» INSTRUCTIONS FOR THE TASK:
What you return should be every line below, word for word, and none of the images.

BEGIN DATA BLOCK

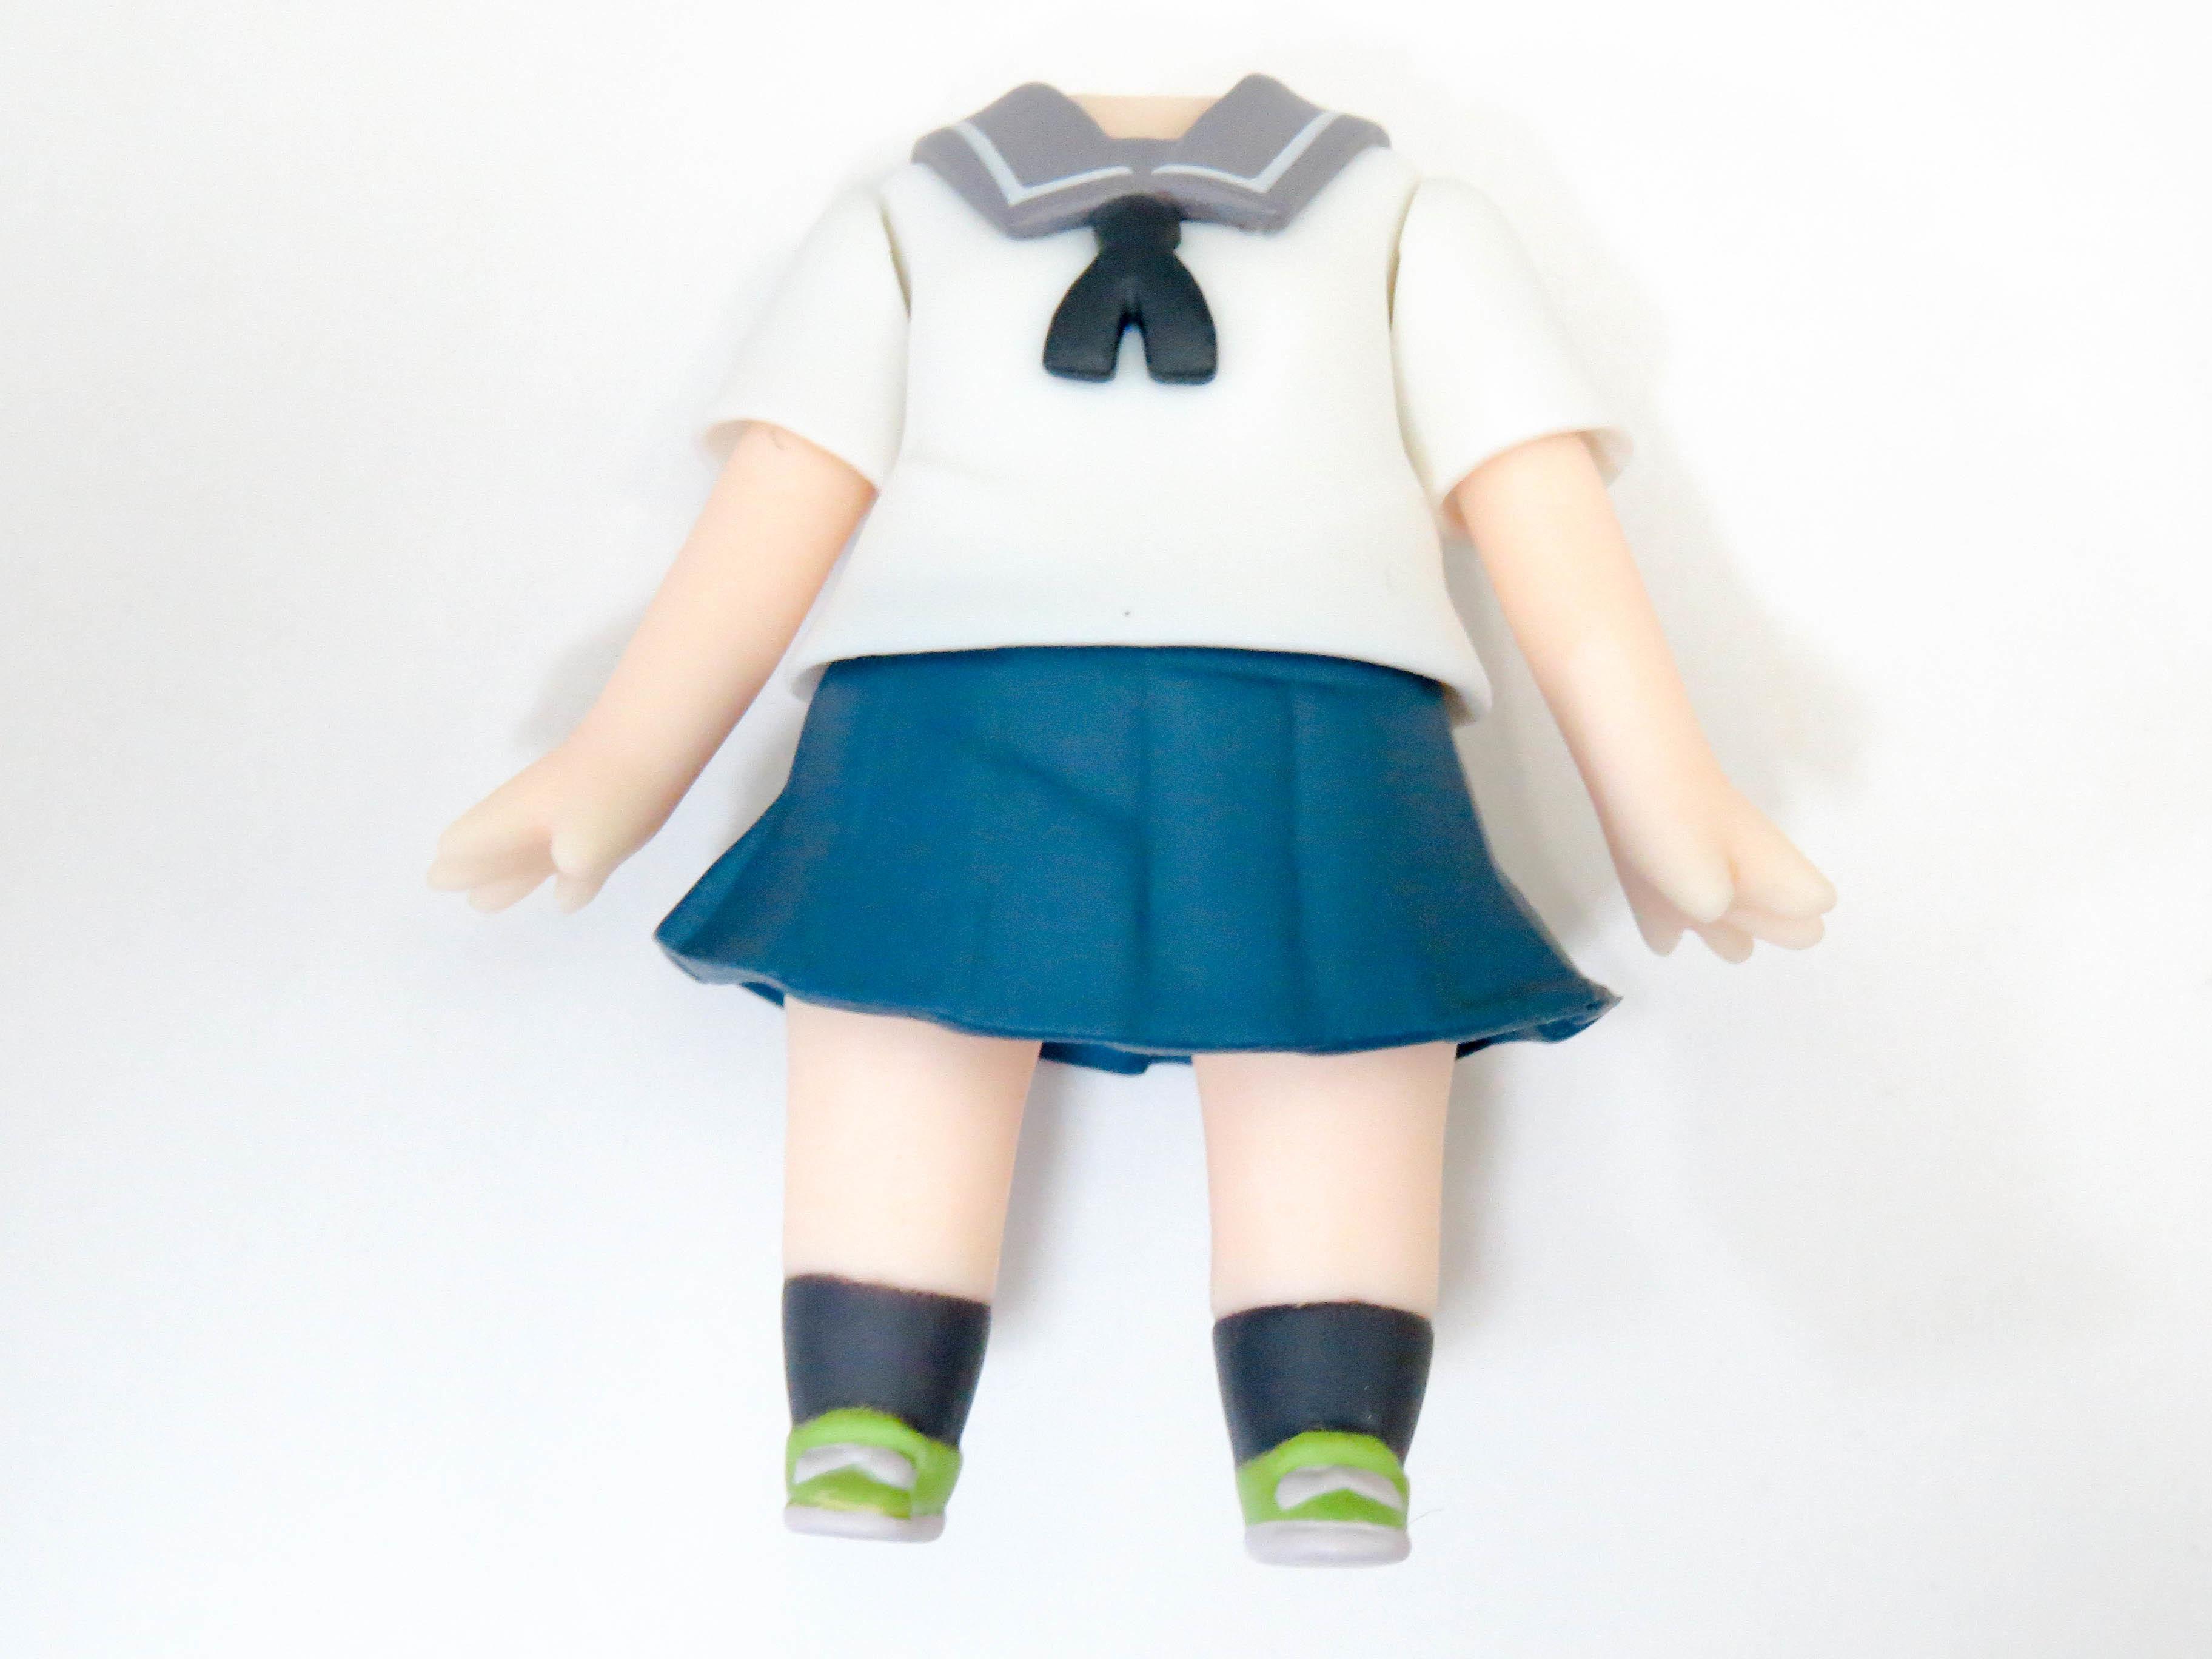 【SALE】【969】 三谷裳ちお 体パーツ 制服 ねんどろいど
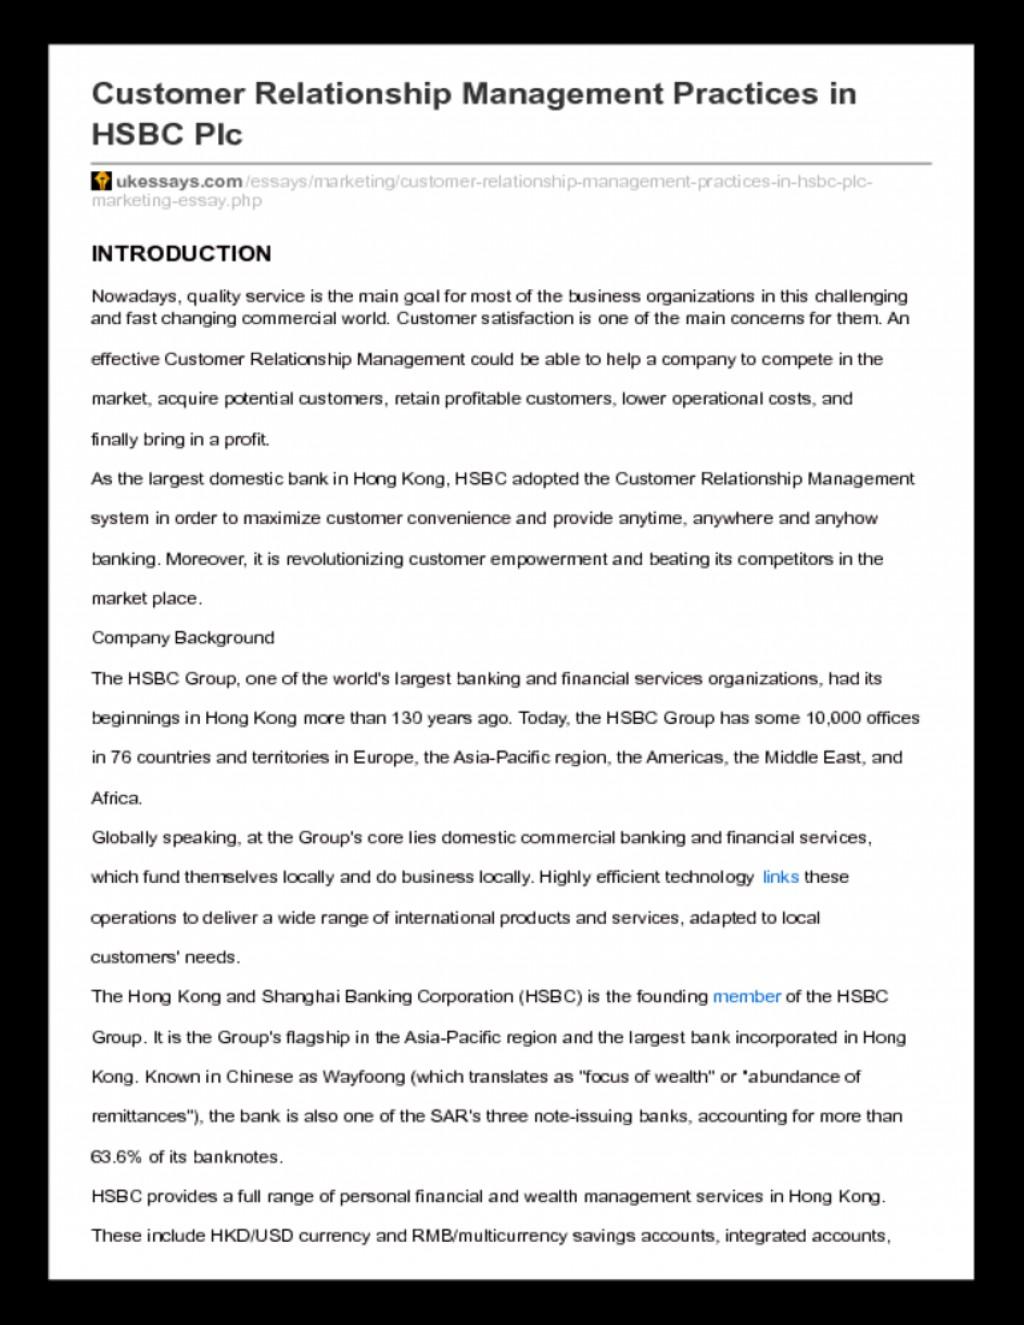 022 Essay Example Uk Essays Customer20relationship20management20class20notes 258461120 Ukessays Com Customer Relationship Management Practices In Hsbc Stupendous New Reviews Apa Login Large
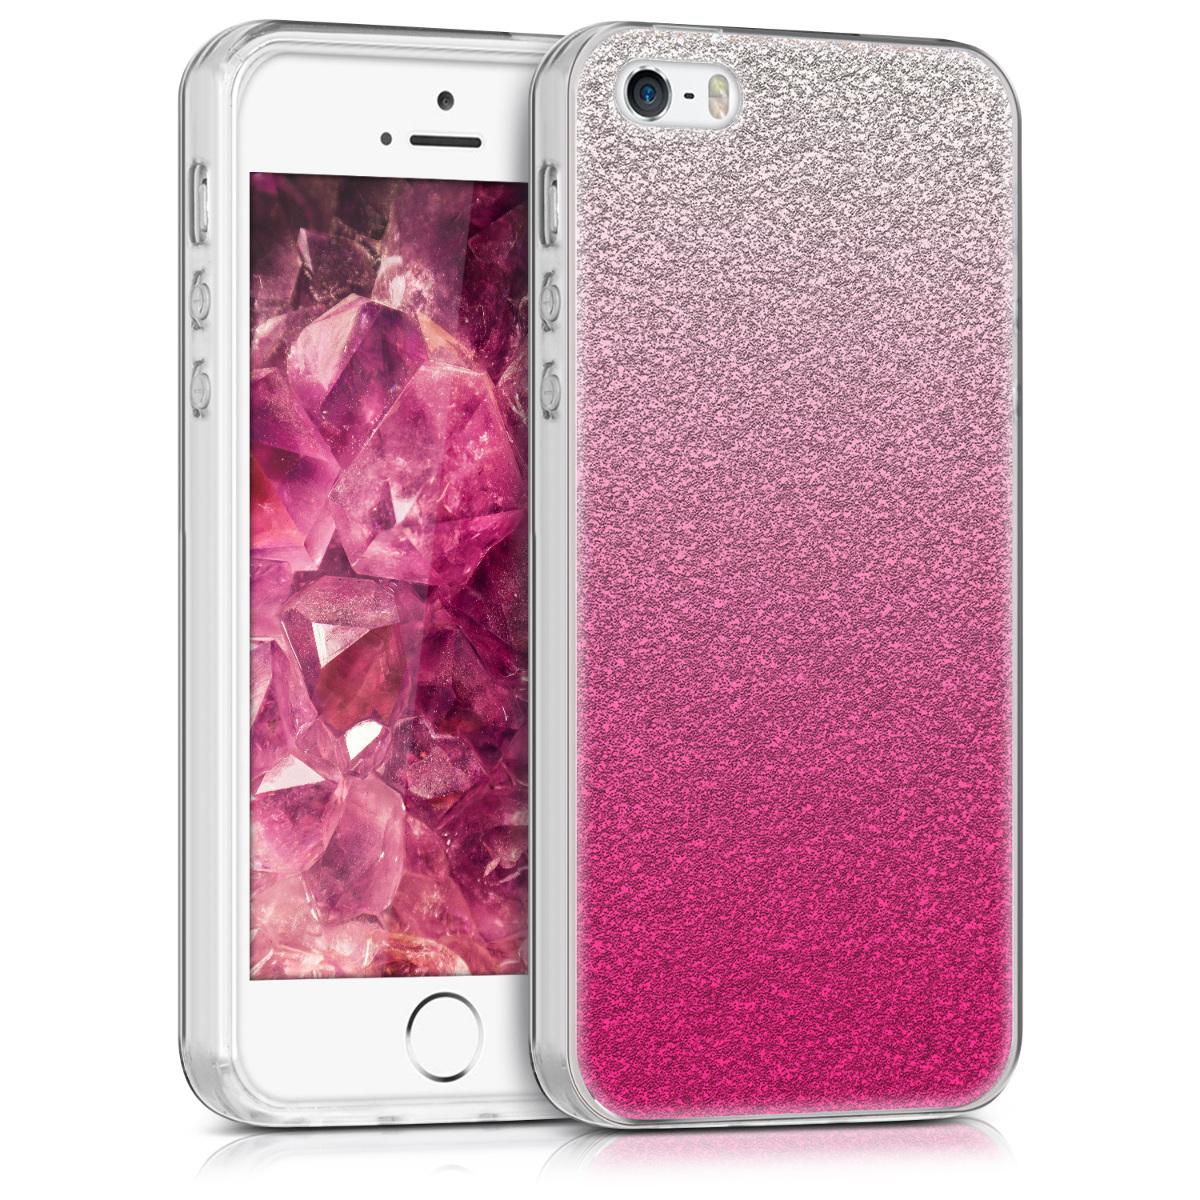 cover f r apple iphone se 5 5s h lle glitzer verlauf pink. Black Bedroom Furniture Sets. Home Design Ideas
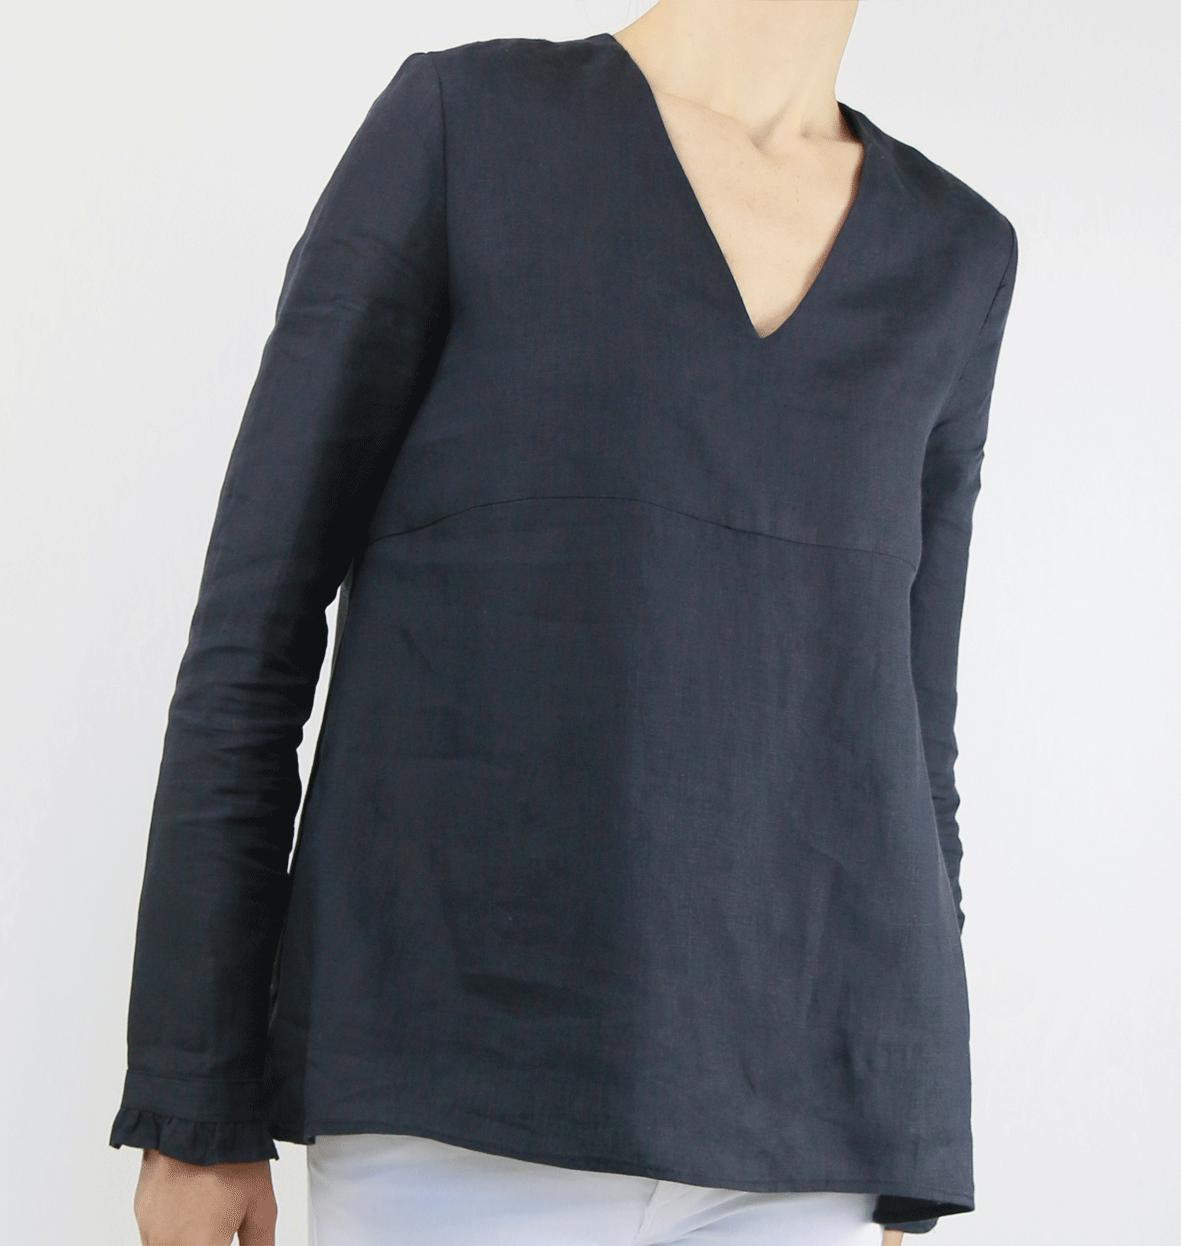 17-blousezephir-zephirpattern-atelierscammit

END DATA BLOCK

» RESULT OF THE EXERCISE:
 【SALE】【969】 三谷裳ちお 体パーツ 制服 ねんどろいど
 022 Essay Example Uk Essays Customer20relationship20management20class20notes 258461120 Ukessays Com Customer Relationship Management Practices In Hsbc Stupendous New Reviews Apa Login Large
 cover f r apple iphone se 5 5s h lle glitzer verlauf pink. Black Bedroom Furniture Sets. Home Design Ideas
 17-blousezephir-zephirpattern-atelierscammit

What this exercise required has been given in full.